The Stephenville Dymond International Airport, purchased last summer by an entrepreneur promising to build giant futuristic drones and create hundreds of jobs, is in talks with the town council to slash a hefty tax bill.
The Ottawa-based Dymond Group, owner of the western Newfoundland airport since last August, hopes to pay the Town of Stephenville a grant in lieu of taxes — a payment that would be a fraction of the yearly tax revenues that have been touted by Stephenville Mayor Tom Rose.
In 2022 and early 2023 — while the deal remained up in the air — Rose indicated on several occasions that the town would receive about a quarter of a million dollars a year in tax once the airport was sold.
However, in an interview last week with Radio-Canada, Rose said, "Normally, with big infrastructure like ports and airports, instead of getting a full tax regime, you tend to get a grant in lieu of taxes."
Rose said the payment in lieu of taxes will likely be between $50,000 and $100,000 a year. He added that similar agreements are in place with other airports in the province. Negotiations are scheduled for later this month, he said.
Stephenville Dymond International Airport CEO Lew Short said the airport has made a proposal to the town but wouldn't provide further details.
Tax break would help upgrade airport, says CEO
"I think a lot of people have a misunderstanding of that whole process," Short said. "We're basically requesting a tax break. So that tax break enables us to put more into the infrastructure because we are improving the infrastructure of the airport."
How long would the tax break last? Short said that's up to the town.
Rose said the grant would be renegotiated over time.
"When a company's coming in to say, 'We're going to outlay this capital, we got to grow the airport, we got to attract the airlines,' we got to get things moving."
Stephenville Mayor Tom Rose says talks are underway to allow the new owners of the airport to pay a grant in lieu of taxes to the town. (Patrick Butler/Radio-Canada)
The mayor cited Deer Lake as a precedent for such an arrangement, saying council there receives a grant of only $50,000 per year.
Rose said the council will vote publicly on any deal.
Stephenville has struggled to retain scheduled commercial flights for years, with no airlines currently providing regular service. The town council has funnelled significant tax dollars to the airport in the past — before the new owners took over — to keep the operation on life support.

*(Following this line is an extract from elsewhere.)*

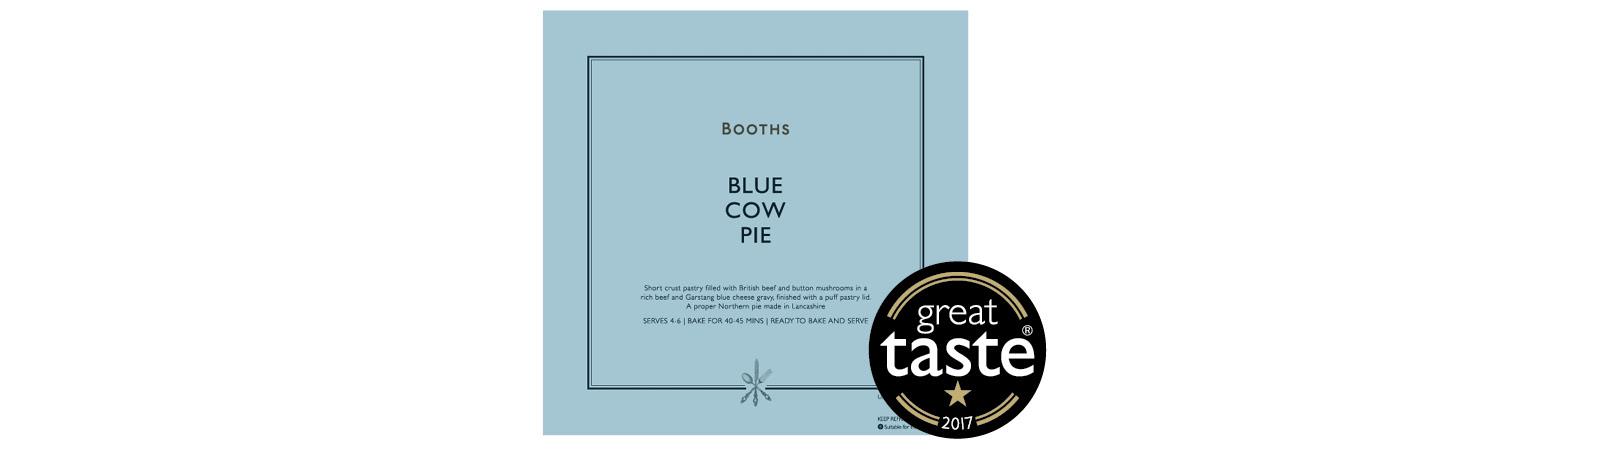 Blue Cow Pie

Short said about 15 people currently work at the airport, clearing the runways and maintaining the building for the few medical and private flights that land at the sleepy facility. Inside the terminal, former car rental counters have been transformed into a showcase for local taxidermy.

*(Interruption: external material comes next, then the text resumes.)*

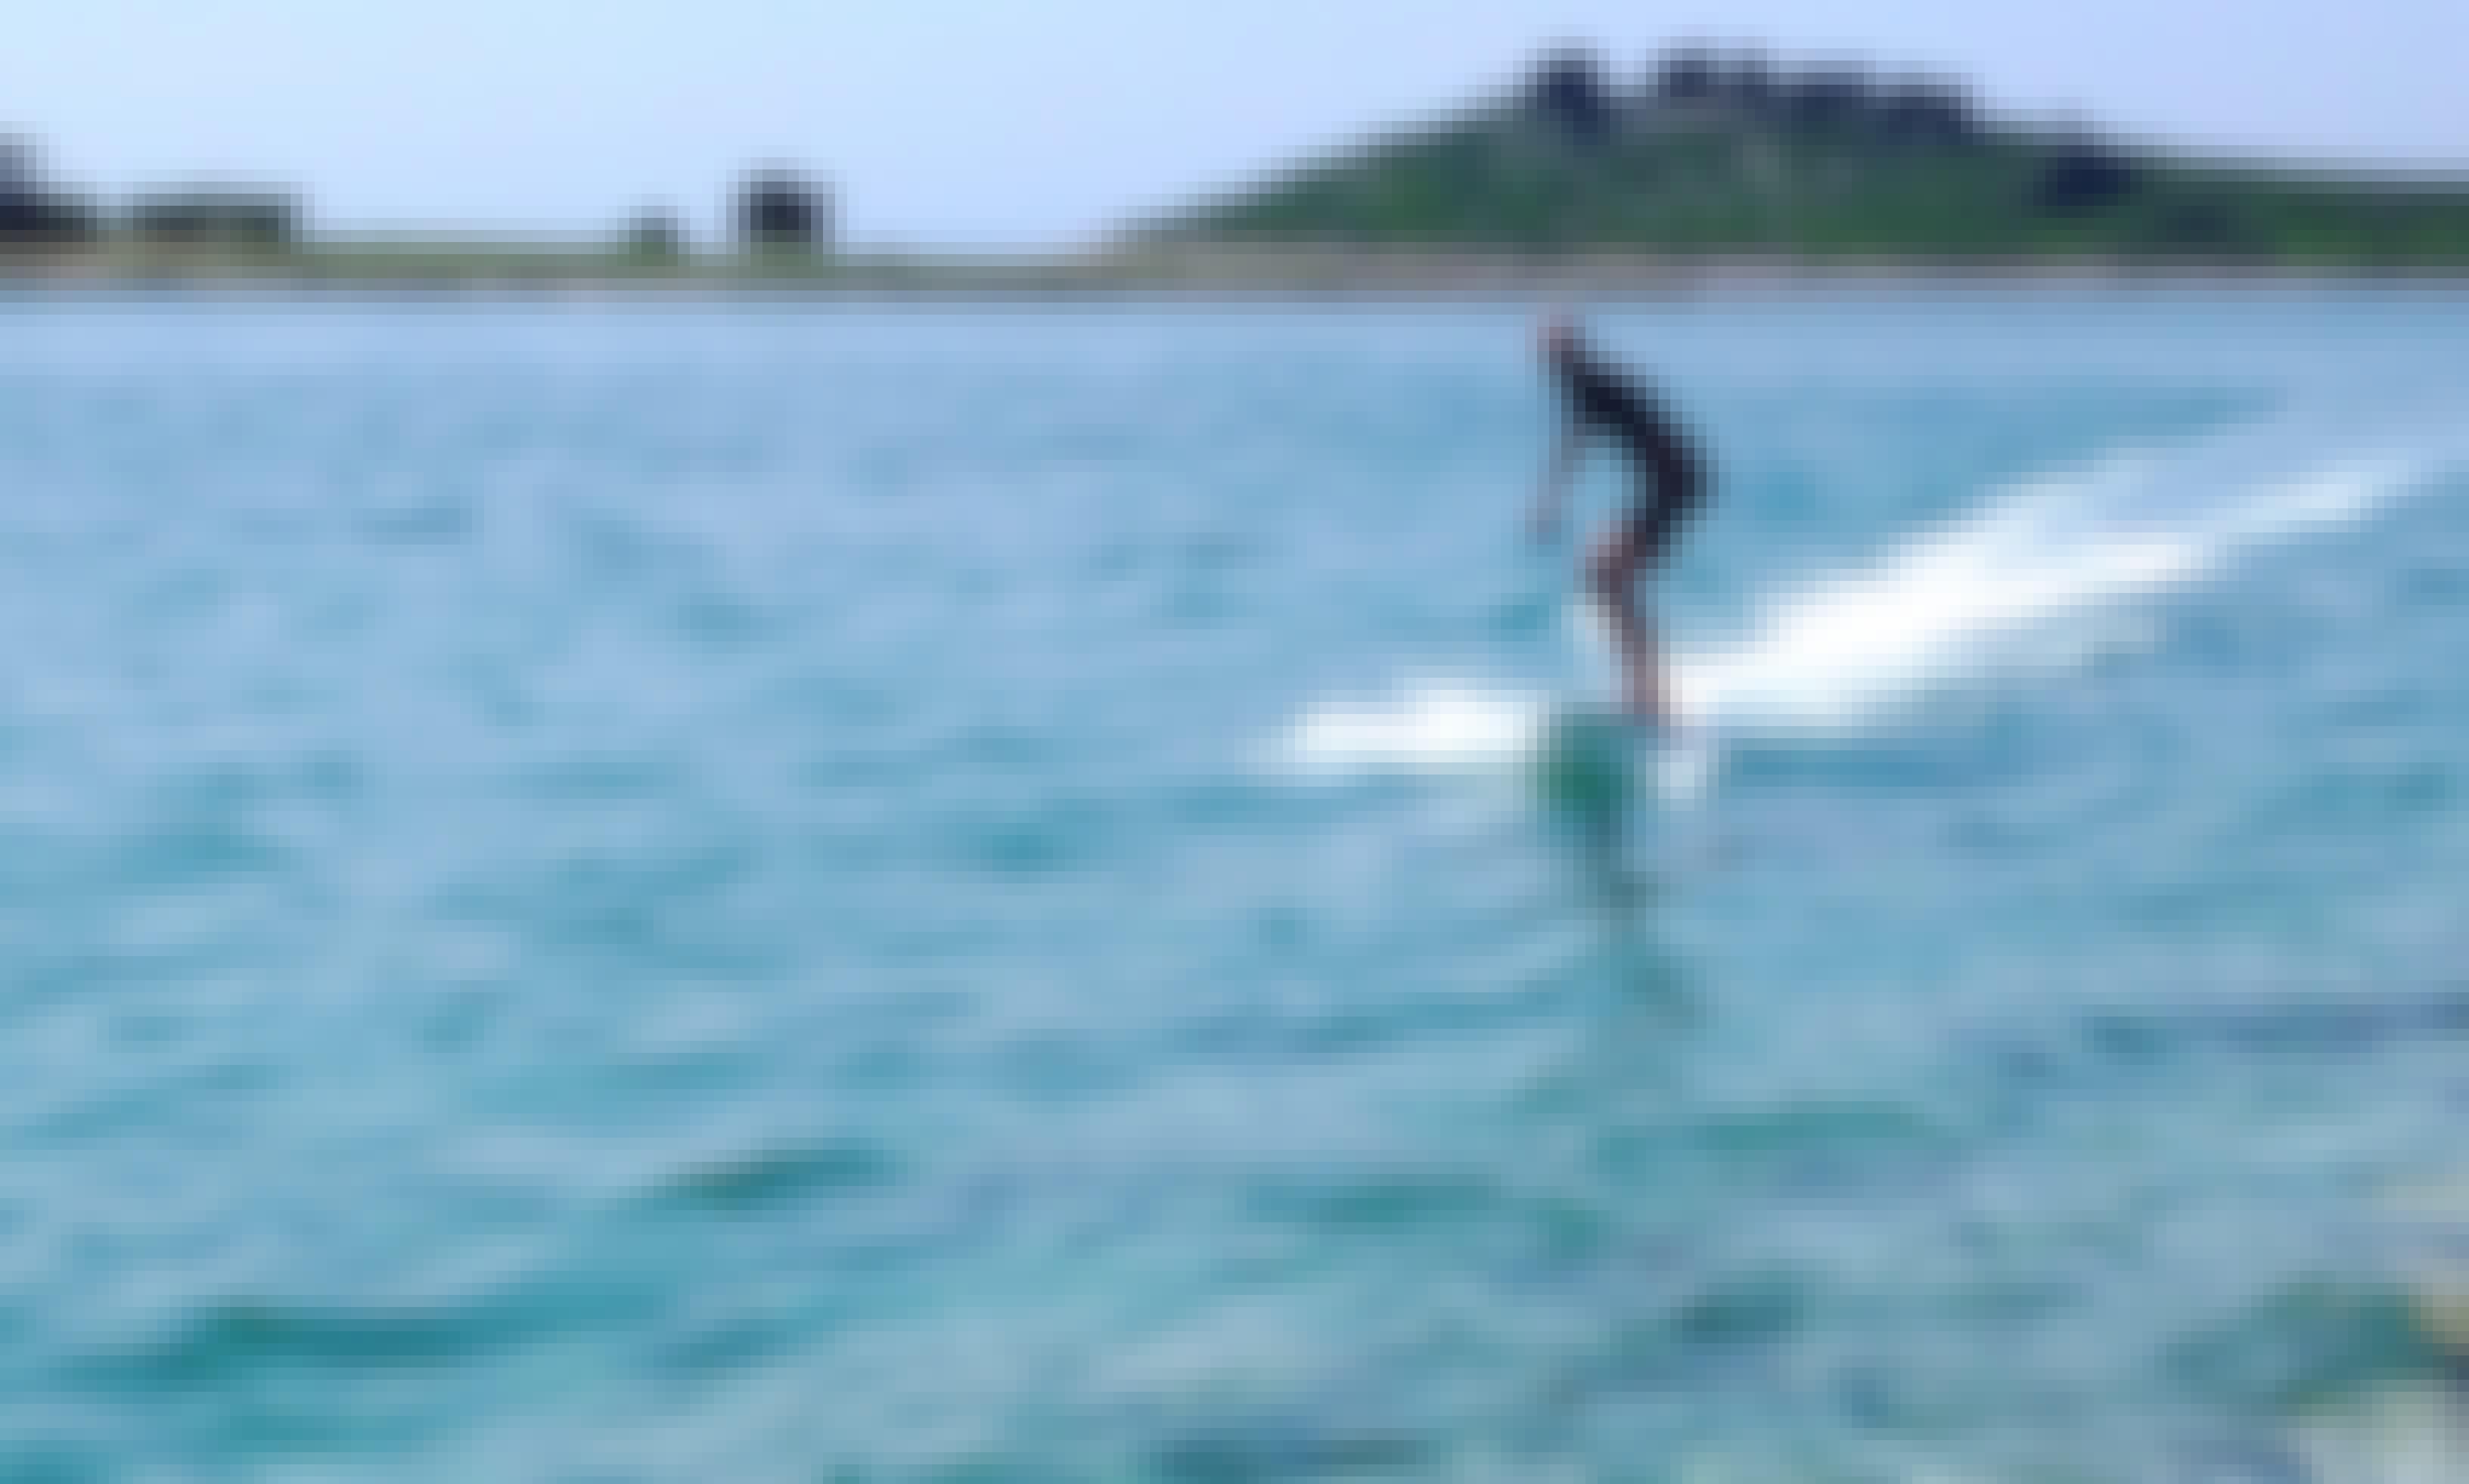 Electric surfboard for rent in Zadar, Croatia (SURFER_hr by Poletusa)

Short said lighting upgrades are underway at the airport and that once Dymond took possession, all employees received a $10-per-hour pay raise.
Scheduled passenger flights by the end of the year?
Last month, the new owners said scheduled passenger flights will return to the airport by the end of 2024. Short said discussions are happening with airlines but wouldn't provide further details.
Dymond has promised to build a state-of-the-art production facility where his company will fabricate 25-metre-long drones. He has also promised hundreds of jobs and hundreds of millions in investments, using private-sector cash.
Short said he didn't want to comment on the plan for drone production.
Lew Short, CEO of the Stephenville Dymond International Airport, says the airport has made a proposal to the town but wouldn't provide further details. (Patrick Butler/Radio-Canada)
"My focus today is trying to get this airport running and I haven't really had those discussions with Mr. Dymond," he said. "My focus here is let's get this place ready to receive traffic and scheduled flights and let's move forward."
Rose told Radio-Canada last week that Stephenville's former paper mill, closed by Abitibi Consolidated in 2005, also paid a grant in lieu of taxes and that World Energy GH2's wind-to-hydrogen-to-ammonia project would be granted similar tax relief.
"When World Energy gets the hydrogen plant up and running and they start shipping ammonia, start making money, we will negotiate a grant in lieu of taxes with World Energy on the port and hydrogen plant, just like we would do at the airport," Rose said.